Casey Luskin stated those textbooks listed fell into at least one of these categories:
(1) Show embryo drawings that are either Haeckel’s originals or highly similar or near-identical versions of Haeckel’s illustrations — drawings that downplay and misrepresent the differences among early stages of vertebrate embryos;
(2) Have used these drawings as evidence for current evolutionary theory and not simply to provide some kind of historical context for evolutionary thinking;
(3) Have used their Haeckel-based drawings to overstate the actual similarities between early embryos, which is the key misrepresentation made by Haeckel, even if the textbooks do not completely endorse Haeckel’s false “recapitulation” theory.

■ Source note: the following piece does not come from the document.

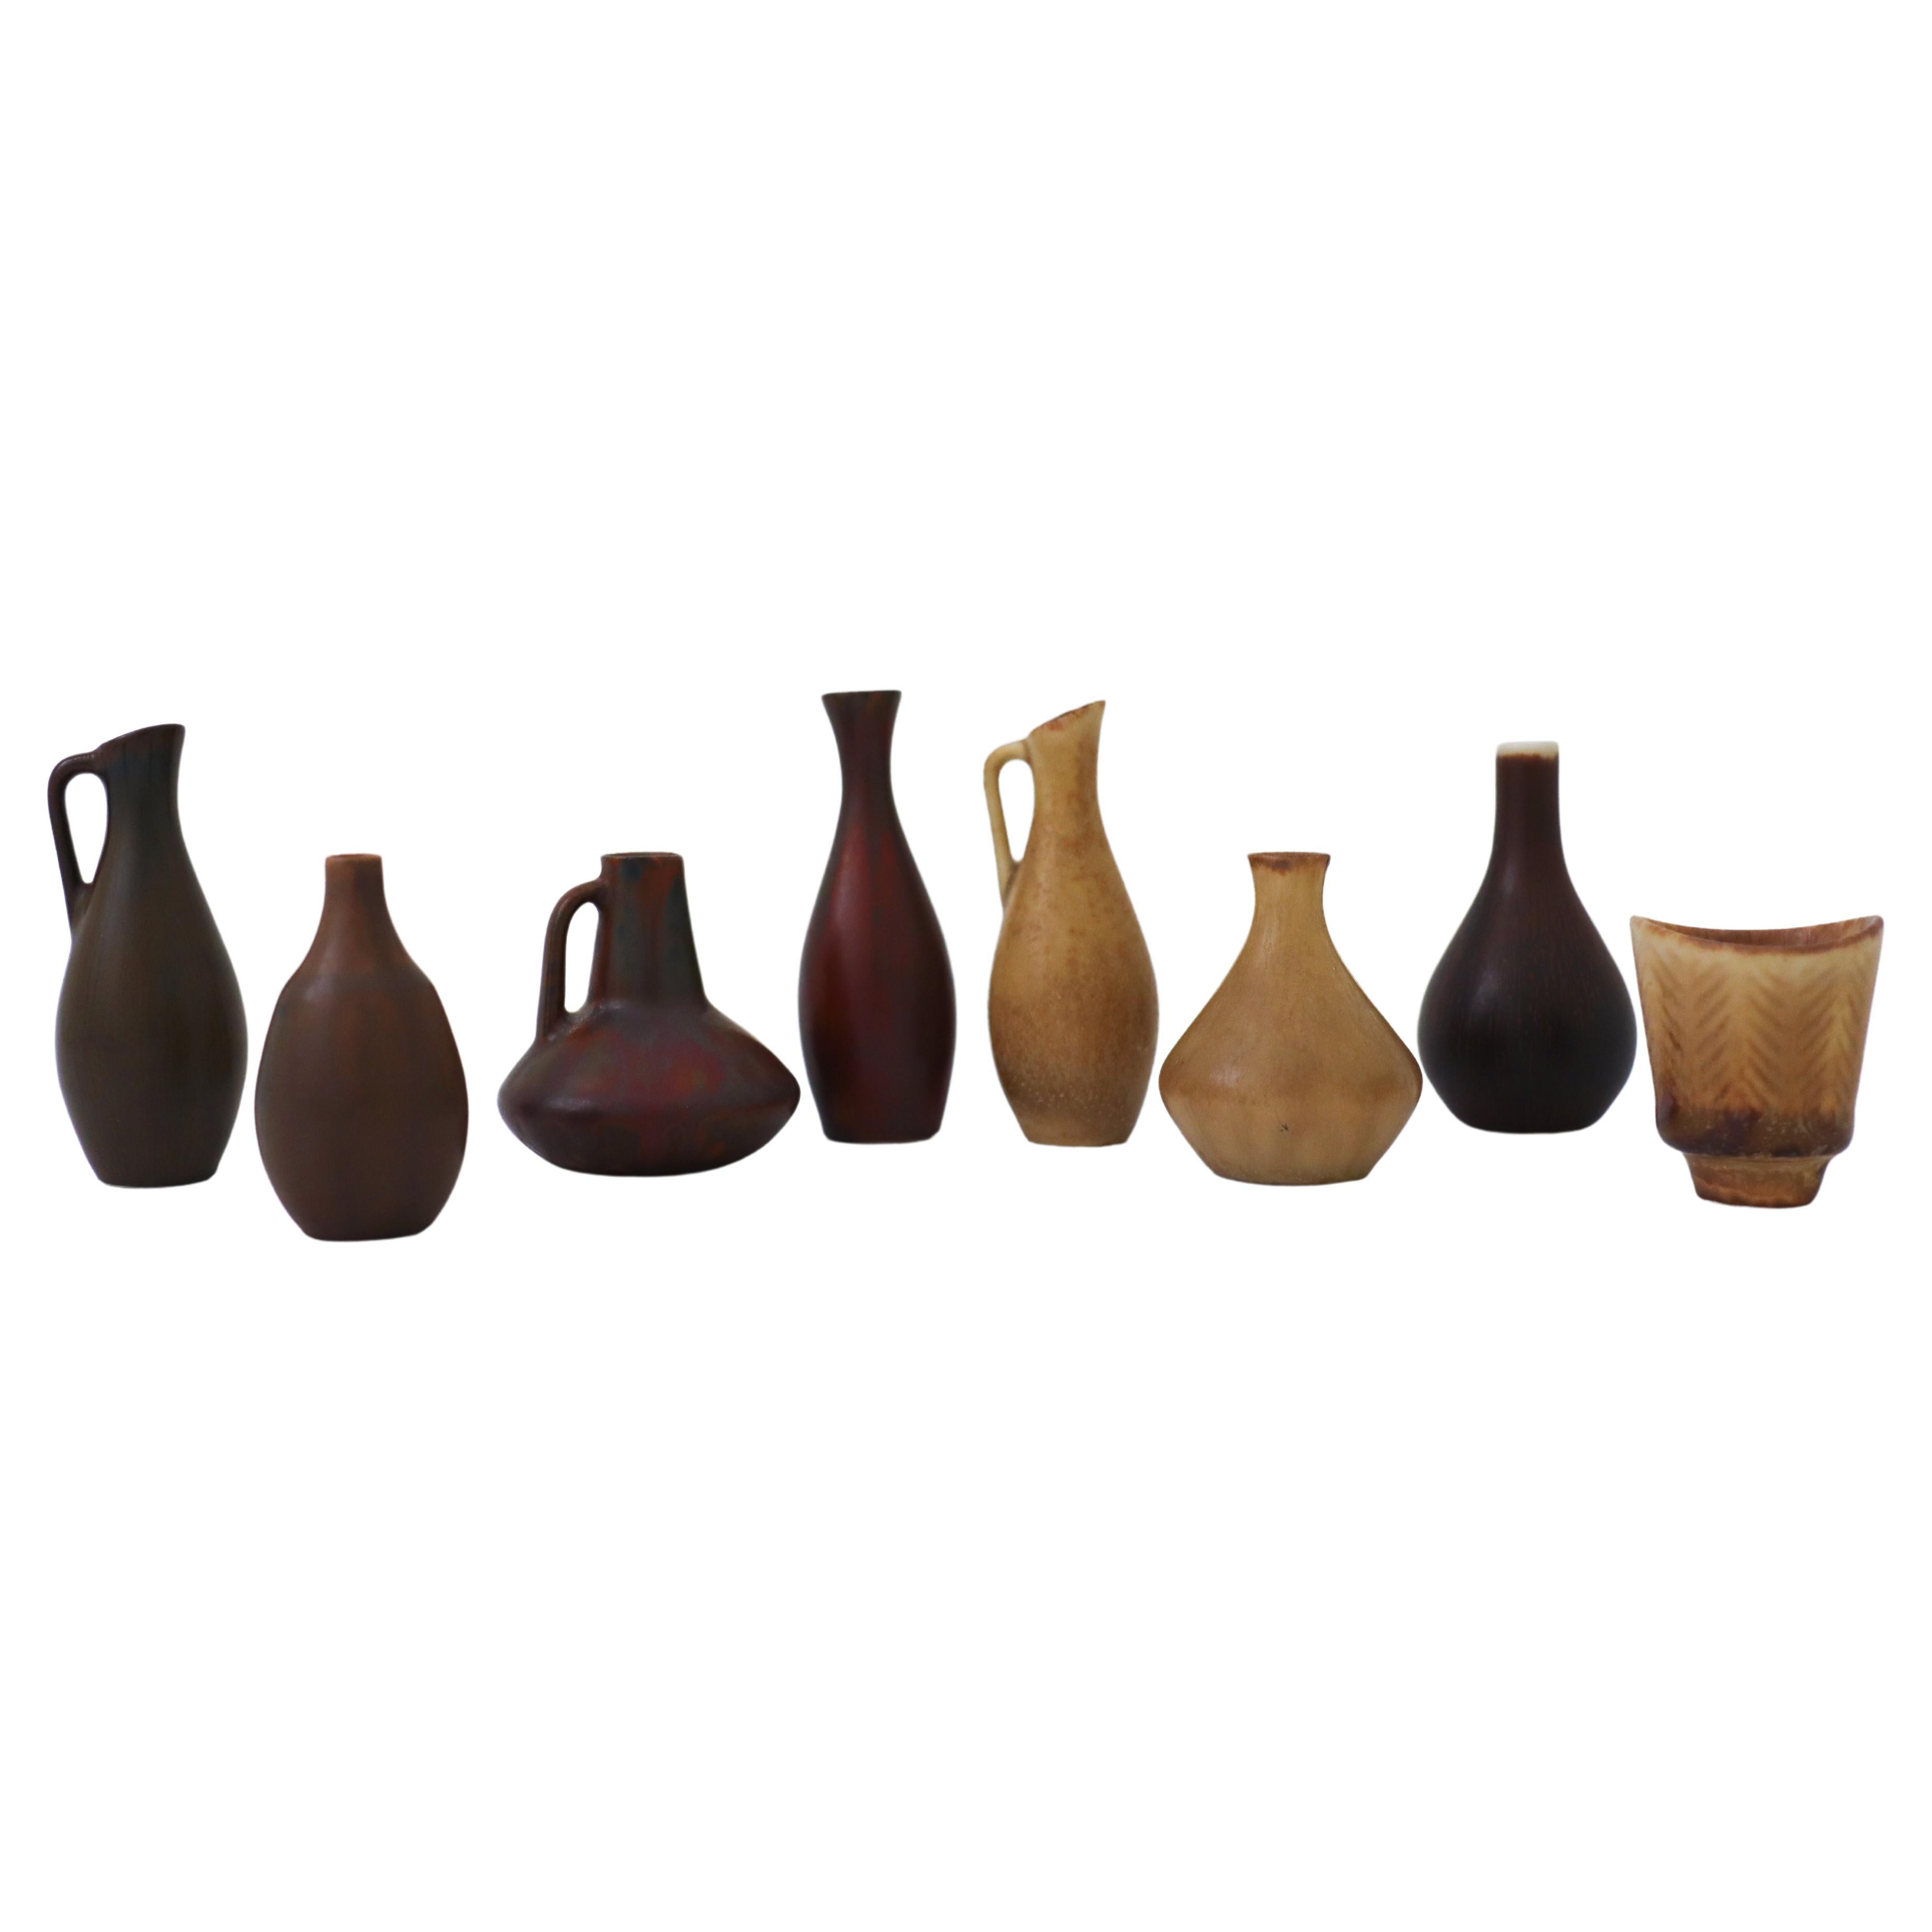 Group of 8 Miniature Vases, Rörstrand, Carl-Harry Stålhane Mid-Century Vintage
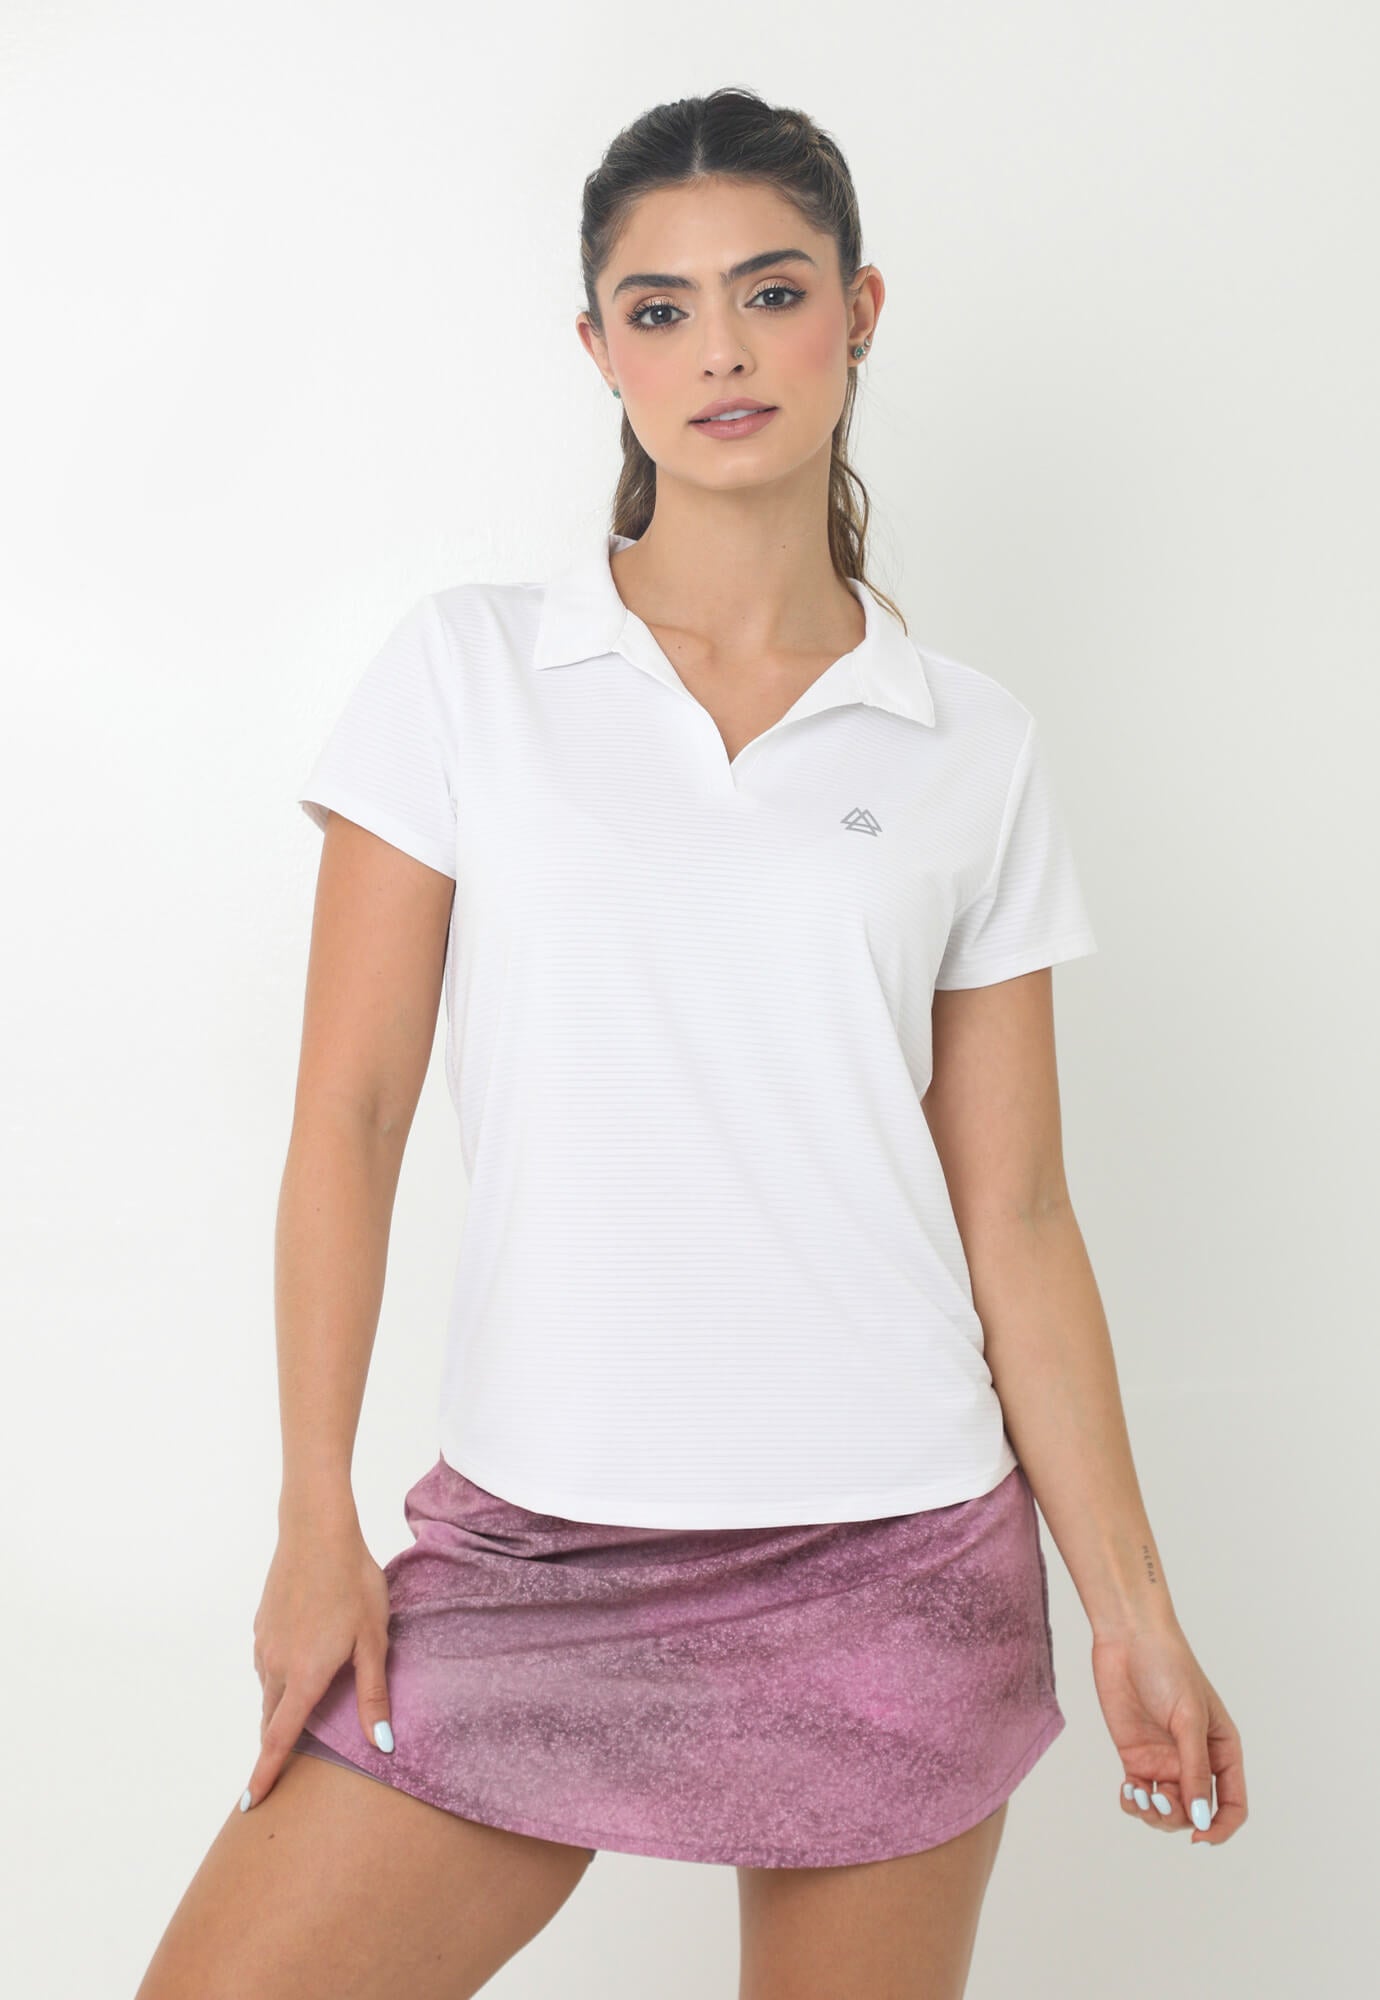 Camiseta deportiva blanca tipo polo, cuello camisero y transfer reflectivo en frente para mujer

They then cite these overstated similarities as still-valid evidence for common ancestry.
Dan
For Pete's sake, I know what Luskin wrote, I've read it every time you linked to it.
I asked you what was incorrect about what Mader wrote about the embryology and what is anatomically incorrect about the illustrations she used.
It has become obvious that you are just going to parrot Luskin though rather than bother looking for yourself.
Besides, it seems to me that Luskins three points are rather spurious.
(1)
Show embryo drawings that are either Haeckel’s originals or highly similar or near-identical versions of Haeckel’s illustrations — drawings that downplay and misrepresent the differences among early stages of vertebrate embryos;
If the point of these drawings in the text book is to illustrate the similarities that modern embryology describes they need to be drawn in such a way as to clearly depict those similarities surely, as any illustrative drawing used as a teaching aid would do.
And they are not Haeckel's drawings as you first claimed, but modern versions.
(2)
Have used these drawings as evidence for current evolutionary theory and not simply to provide some kind of historical context for evolutionary thinking;
Not Haeckel's drawings. See above.
And you, or Luskin have yet to mention that modern embryology is an established part of current developmental biology and as such
should be mentioned in textbooks.
(3) Have used their Haeckel-based drawings to overstate the actual similarities between early embryos, which is the key misrepresentation made by Haeckel, even if the textbooks do not completely endorse Haeckel’s false “recapitulation” theory. They then cite these overstated similarities as still-valid evidence for common ancestry.
Ah, "Haeckel based" now is it? At least now you can stop saying they use Haeckel's drawings as you originally did.
See point (1).
As for the "
the textbooks do not completely endorse Haeckel’s false “recapitulation” theory" bit
, what a typically mealy-mouthed bit of creationist propaganda. They don't endorse Haeckel's recapitulation theory
at all.
Evolutionary developmental biology is a thing you know.... and it has nothing to do with recapulation theory.
Conclusion: You're tilting at windmills Don Quixote, maybe you'd be better off demonstrating the flaws of modern embryology if you want to claim that it provides no evidence or insights into the TOE.